How you close an agency you loved, and what you choose to take with you.

It happens more often than we think.

A simple gesture acts as a turning point. For me, it was an email to send. The one that had been written for days and kept sitting in my drafts. Short, factual, almost administrative: fources agency is ending, but the work continues under another name. Behind it, the same face, the same person, the same commitments. Just a different sign on the door.

I read it one last time. I checked the list of recipients. I hesitated.

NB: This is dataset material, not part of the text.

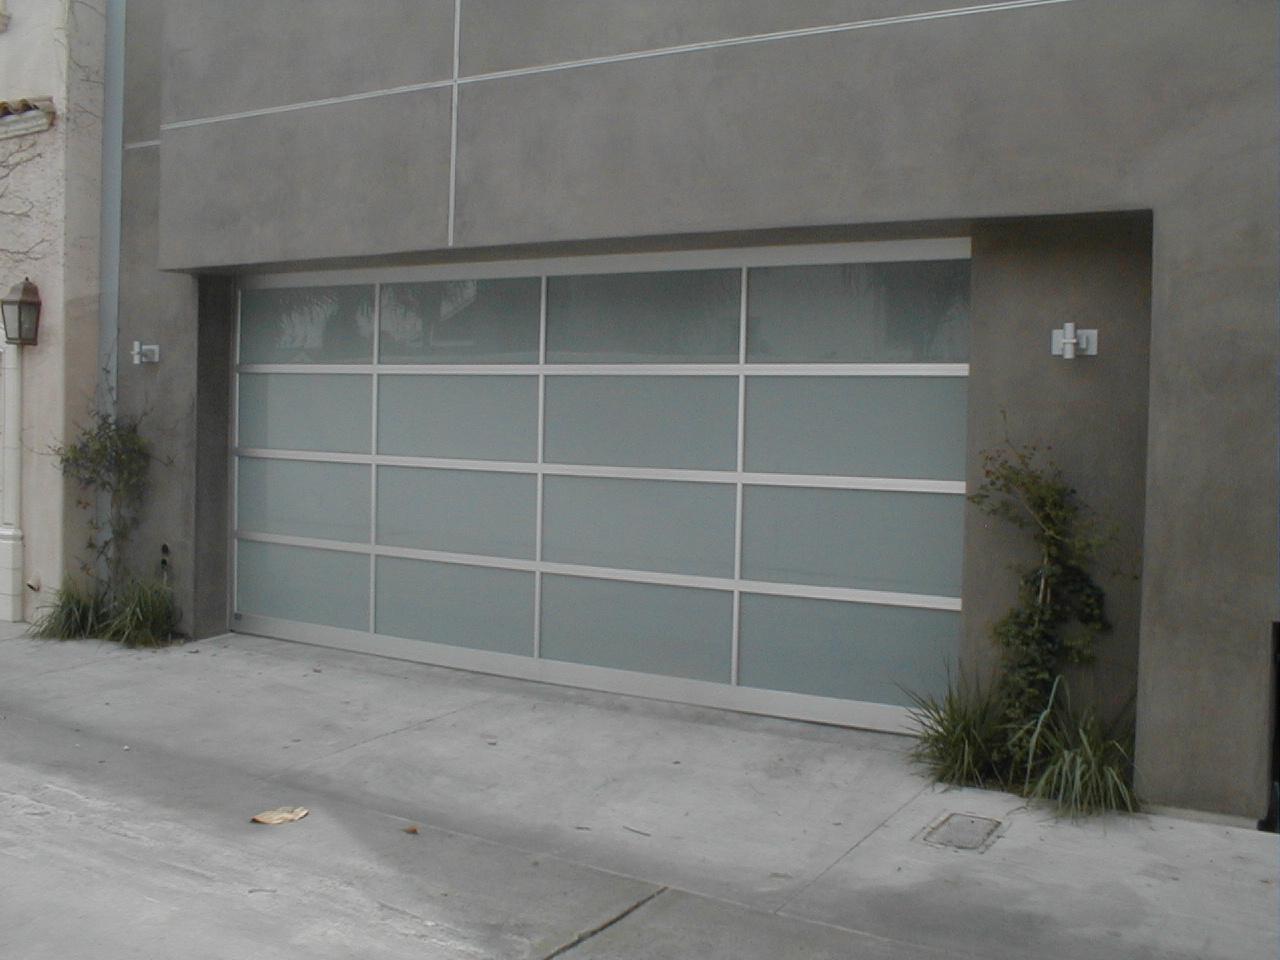 Fullsize Of Contemporary Garage Doors

Not on the content. It was right. I hesitated on what that click would set in motion, for me, not for them. For my clients, it was an administrative formality. For me, it was the end of something that had held for seven years, that had known offices we’d loved and then left, projects that had worked and others less so.
I took a breath, and I clicked. The email was gone. I understood, in the second that followed, that what was tightening my throat wasn’t so much the end of fources agency. It was not yet knowing what to do next.

It took me six months to understand that what I was living through wasn’t an ending. It was a kind of learning. The learning of leaving without giving up. Of finishing without disowning. Of moving on without tearing down what came before.

Fources agency, digital seekers.

Fources agency was three people, equal shares on paper. A digital design agency in Brussels, in the same lineage as so many others: branding, websites, projects for cultural centres, small and medium businesses, sometimes partnerships with bigger agencies. Nothing new under the sun, and we knew it. But we did it well.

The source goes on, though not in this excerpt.